Figure 5. Visualisation scheme of one model simulation after 9 h with default parameters and L = x = y = 15 mm: (a) The ~5×10⁵ agents are displayed as a vector plot where each agent is represented by an arrow pointing in its current direction. The direction is additionally colour-coded. Due to the high number of agents, it is not possible to distinguish individuals. (b) The gradient grid is visualised by a heat map where relative concentration values map to colours (colourbar on the right), with yellow representing the highest concentration in the system and purple the lowest. (c) The ABM grid is displayed as a binary mask where non-colony regions (k < 0) are shaded grey and regions within the colony (k ≥ 0) are transparent. (d) The three components of the model are plotted together in a single plot containing all information. (e) Zoomed-in view of the complete plot to better visualise individual agents in their crowded environment. The agents are colour-coded according to their direction.
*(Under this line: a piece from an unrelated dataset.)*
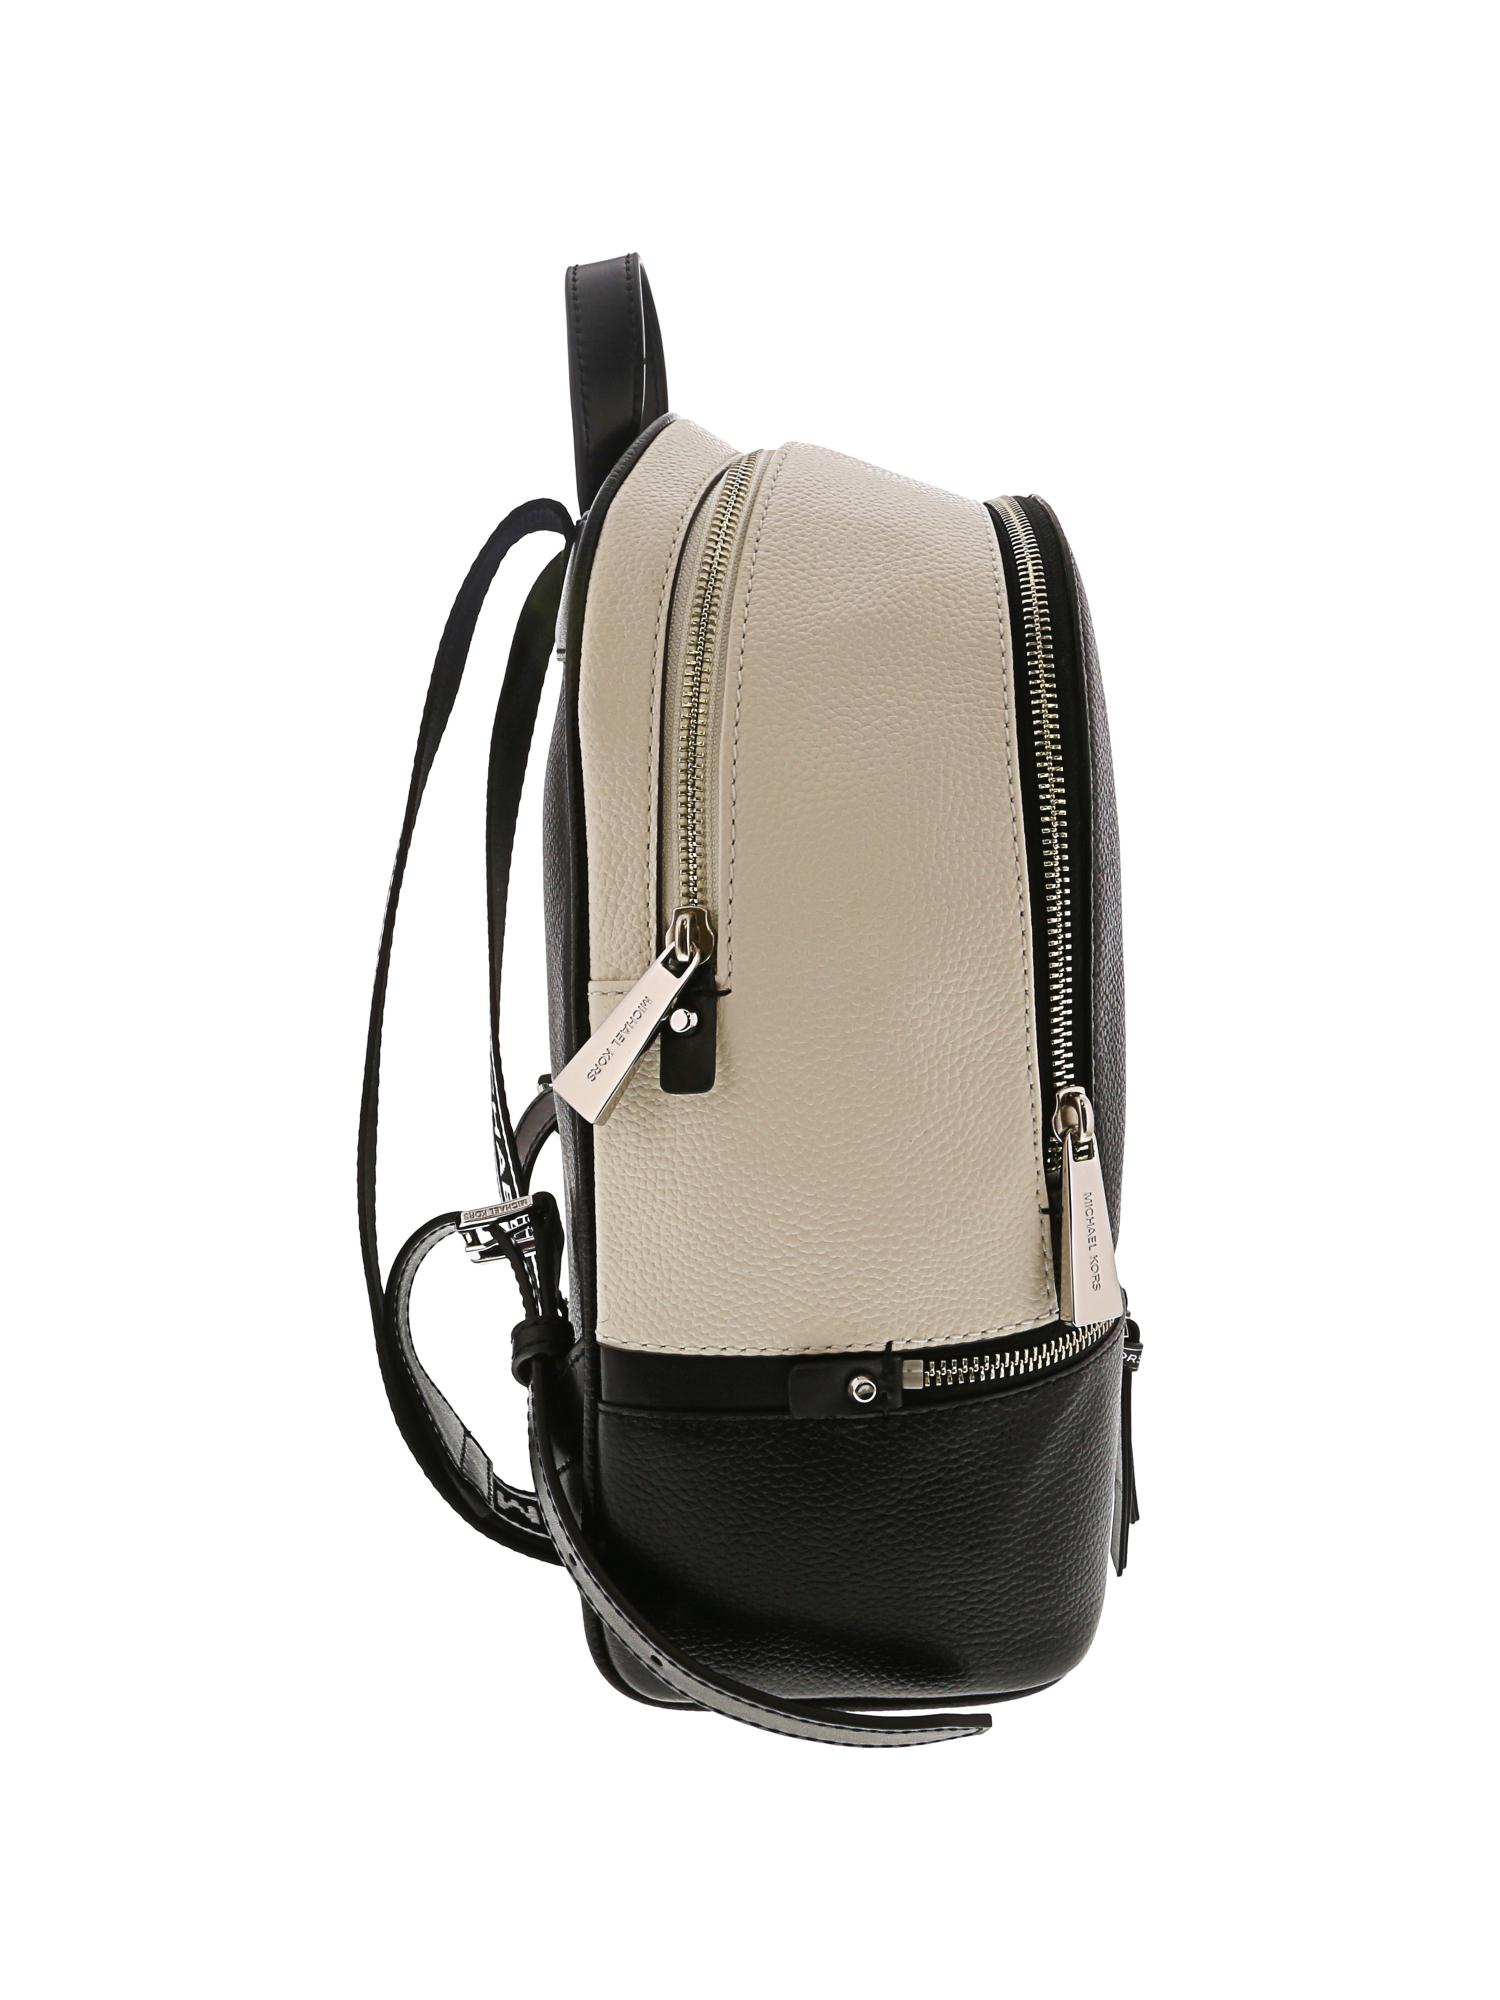 dee977b074c2 ... Picture 3 of 3. Michael Kors Women's Medium Rhea Logo Tape Leather  Backpack

The chemical gradient is displayed as a heat map with concentration values mapped to a colour scale. Since it is not yet clear which chemical is responsible for chemotactic alignment in trypanosome colonies, and concentrations for the candidate chemicals have not been measured, the absolute values of the concentration are less important than the relative concentration gradients in the system, which drive agent behaviour. Therefore, in all visualisations, the colourbar is auto-scaled to the maximum concentration present in each specific image. This approach allows us to visualise the relative concentration gradients consistently across all images using the same colour scaling, even though the absolute concentration values may differ substantially between different simulation conditions or time points. The ABM grid is visualised as a binary mask where non-colony regions appear grey whilst colony regions are transparent. These three visual elements are layered to provide a comprehensive view of the entire system, enabling intuitive observation of emerging patterns during simulation.

Most images shown in the subsequent sections do not display individual agents, as it is not possible to discern individual agents for simulations with realistic agent numbers, and most analysis focuses primarily on the morphology of the ABM grid.